No impact to ColdFire targets, so I'll have to defer to Geert
for his thoughts on the legacy m68k impact.

Regards
Greg

2019-06-17 18:54:38

by Geert Uytterhoeven

[permalink] [raw]
Subject: Re: [RFC] switch m68k to use the generic remapping DMA allocator

Hi Christoph,

On Fri, Jun 14, 2019 at 12:21 PM Christoph Hellwig <[email protected]> wrote:
> can you take a look at the (untested) patches below? They convert m68k
> to use the generic remapping DMA allocator, which is also used by
> arm64 and csky.

Thanks. But what does this buy us?

bloat-o-meter says:

add/remove: 75/0 grow/shrink: 11/6 up/down: 4122/-82 (4040)

Gr{oetje,eeting}s,

Geert

--
Geert Uytterhoeven -- There's lots of Linux beyond ia32 -- [email protected]

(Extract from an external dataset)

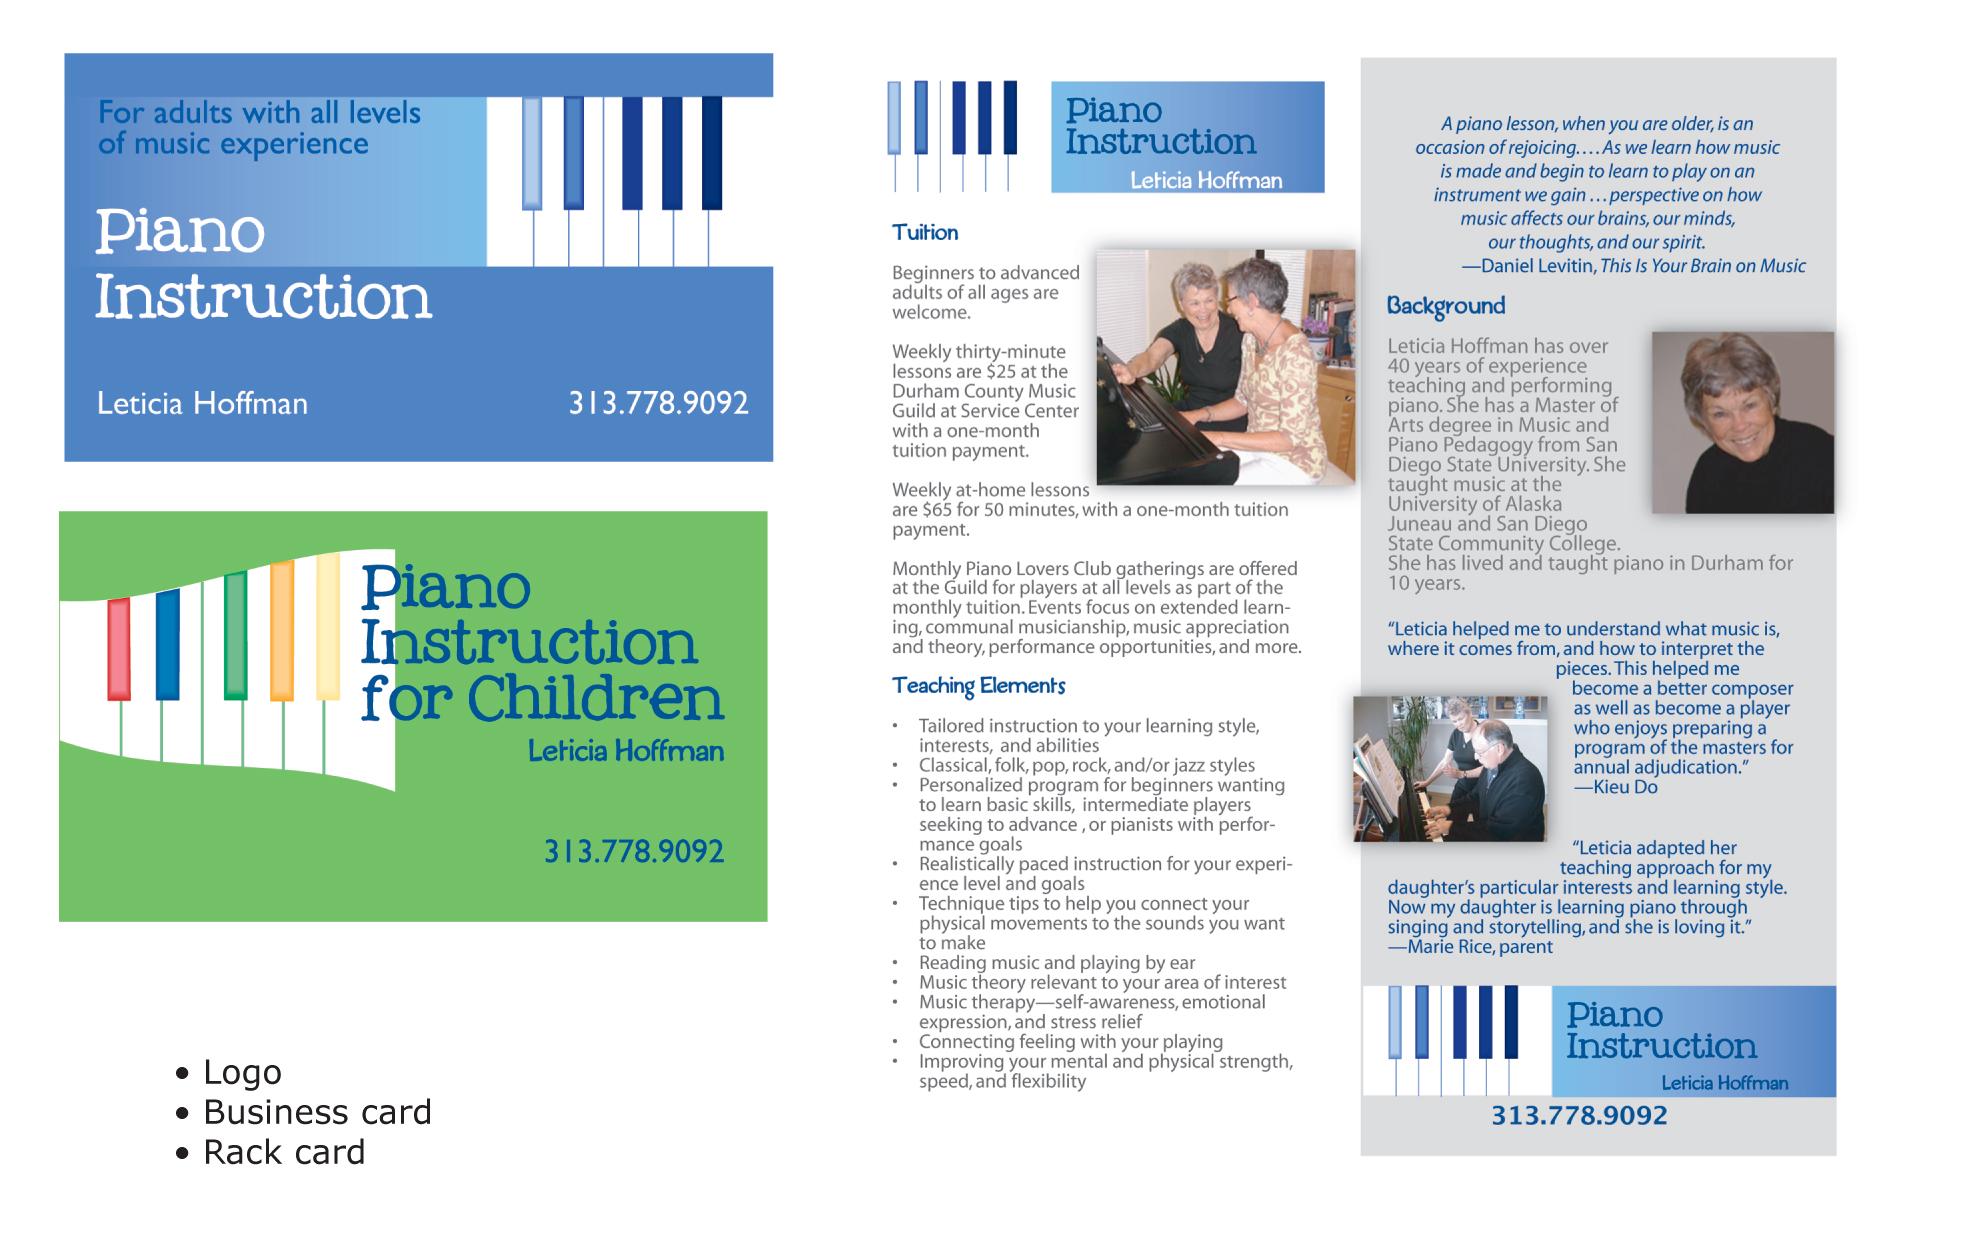 Branding for music instructor

In personal conversations with technical people, I call myself a hacker. But
when I'm talking to journalists I just say "programmer" or something like that.
-- Linus Torvalds

2019-06-24 07:21:04

by Geert Uytterhoeven

[permalink] [raw]
Subject: Re: [RFC] switch m68k to use the generic remapping DMA allocator

Hi Christoph,

On Fri, Jun 14, 2019 at 12:21 PM Christoph Hellwig <[email protected]> wrote:
> can you take a look at the (untested) patches below? They convert m68k
> to use the generic remapping DMA allocator, which is also used by
> arm64 and csky.

When building for Sun-3:

kernel/dma/remap.o: In function `arch_dma_alloc':
remap.c:(.text+0x316): undefined reference to `__dma_direct_alloc_pages'
remap.c:(.text+0x32a): undefined reference to `arch_dma_prep_coherent'
remap.c:(.text+0x34e): undefined reference to `arch_dma_mmap_pgprot'
remap.c:(.text+0x378): undefined reference to `__dma_direct_free_pages'
remap.c:(.text+0x3f4): undefined reference to `arch_dma_prep_coherent'
remap.c:(.text+0x40a): undefined reference to `__dma_direct_alloc_pages'
kernel/dma/remap.o: In function `arch_dma_free':
remap.c:(.text+0x446): undefined reference to `__dma_direct_free_pages'
remap.c:(.text+0x4a8): undefined reference to `__dma_direct_free_pages'
kernel/dma/remap.o: In function `dma_atomic_pool_init':
remap.c:(.init.text+0x66): undefined reference to `arch_dma_prep_coherent'

Doing

- select DMA_DIRECT_REMAP if MMU && !COLDFIRE
+ select DMA_DIRECT_REMAP if MMU && !COLDFIRE && !SUN3

in arch/m68k/Kconfig fixes the build.

Alternatively, you could use:

- select DMA_DIRECT_REMAP if MMU && !COLDFIRE
+ select DMA_DIRECT_REMAP if HAS_DMA && MMU && !COLDFIRE

Gr{oetje,eeting}s,

Geert

--
Geert Uytterhoeven -- There's lots of Linux beyond ia32 -- [email protected]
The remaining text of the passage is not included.